Direct Thermal Label Printers (DTPs) use a thermal print head to print the image directly on the label. During that process thermal paper –heat sensitive paper- is exposed to controlled heat application in order to create the desired image. Thermal paper reacts with heat turning black (or red, depending on heat levels and paper characteristics) and that way the image is printed in the paper. Conventional label printers use thermal print heads to transmit heat into the thermo-sensible paper. In is important to mention that thermal paper is very sensitive to heat on the long run so printed material obtained with this technology is not very long lasting. Nevertheless, compared to other technologies DTP printing is relatively cheap.

Thermal Transfer Label Printers (TTPs) use ink ribbons to transfer images into the label. During the process the ink ribbons are melted over the surface on which the printing is taking place (labels in this particular case).
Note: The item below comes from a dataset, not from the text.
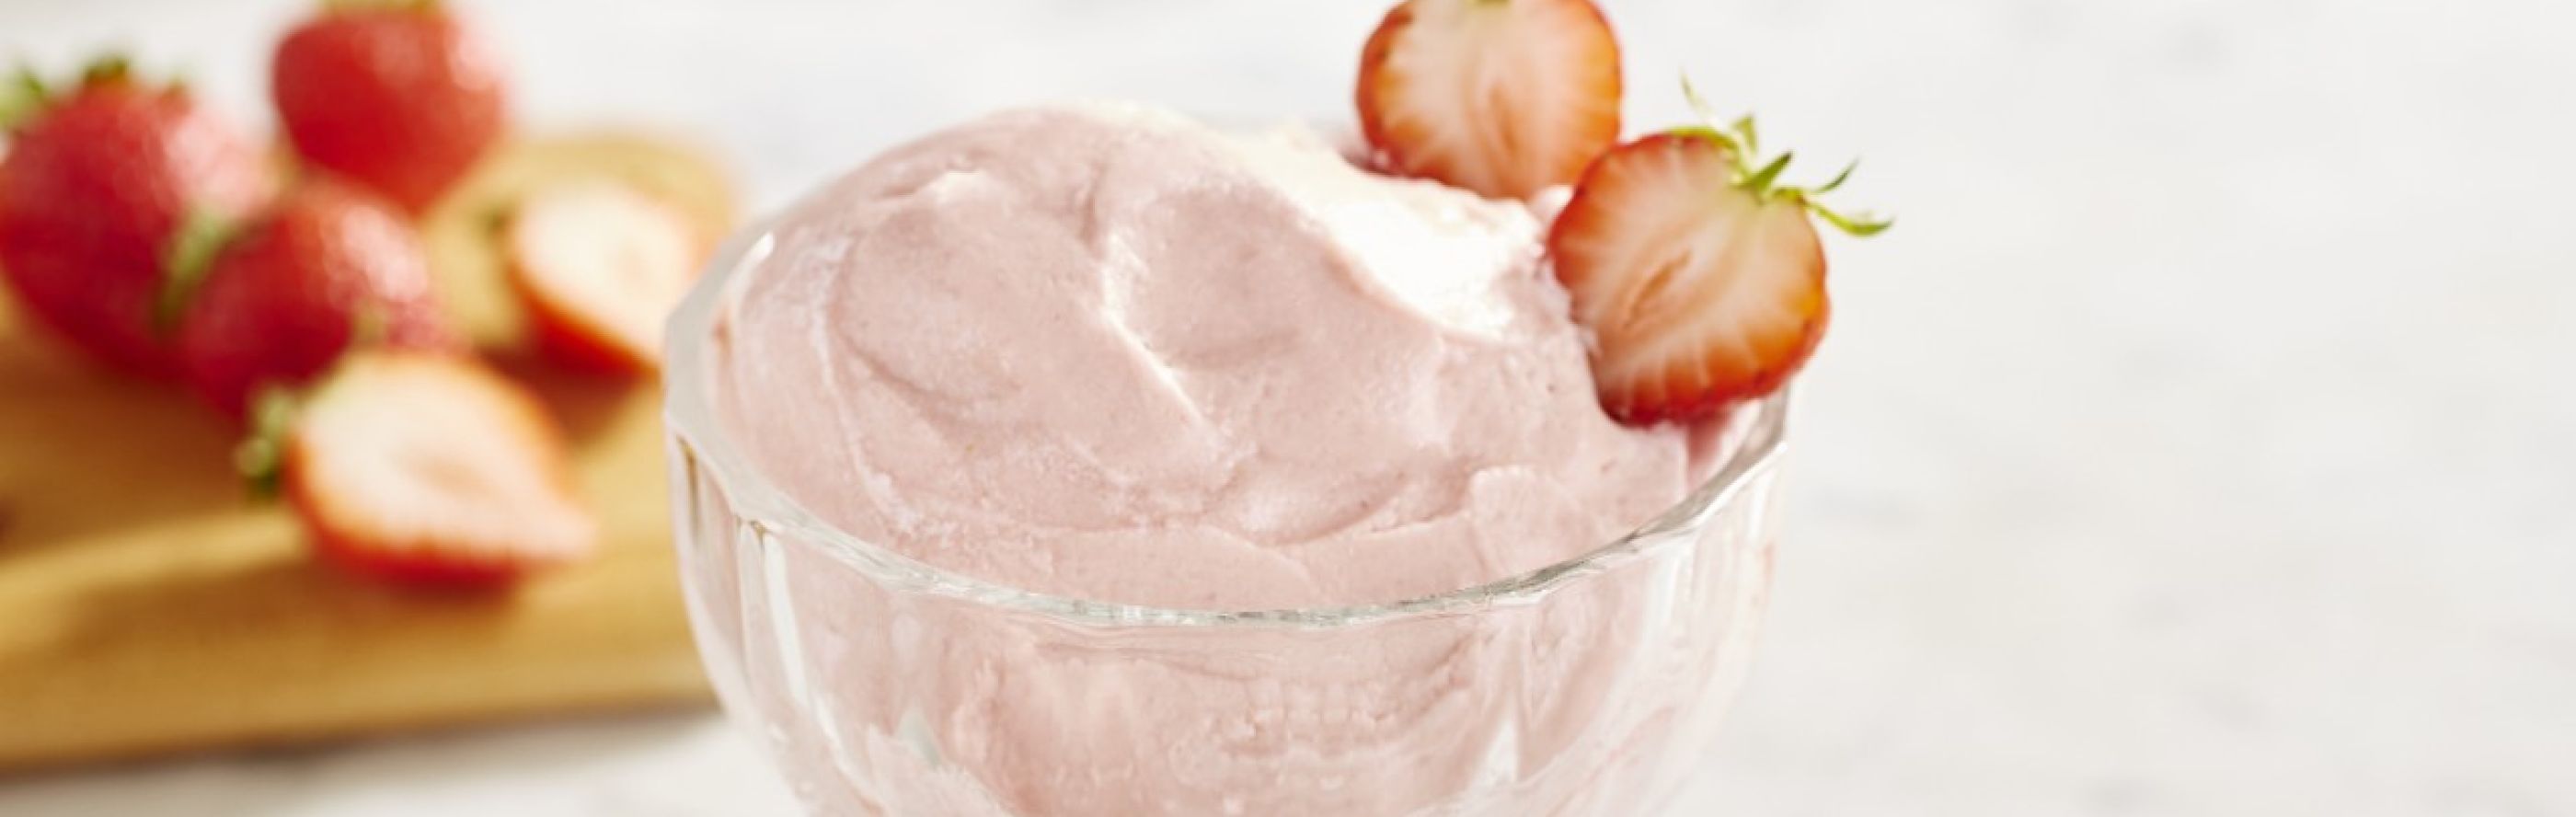 Strawberry ice cream in a glass dish.

Ink ribbons are usually made of different types of wax or resin materials, depending on specific printing requirements. TTP lasts much longer than DTP printed material but it is more expensive on the other hand. The most common use for label printers that use TTP technology is for bar code printing given that bar code labels require being durable and resilient.

There are several types of label printers available on the market. Desktop label printers, the cheapest and more commonly used, are designed for light to medium duty usage and are the one most commonly found in offices and retail shops. Commercial label printers usually hold larger stock rolls, and are capable of handling medium work loads and are almost as silent as the desktop printers. On the other hand, industrial label printers are designed for heavy duty work and are usually used in factories, distribution centres and huge warehouses. They can handle enormous amounts of work and a great speed but tend to be much noisier than their smaller counterparts.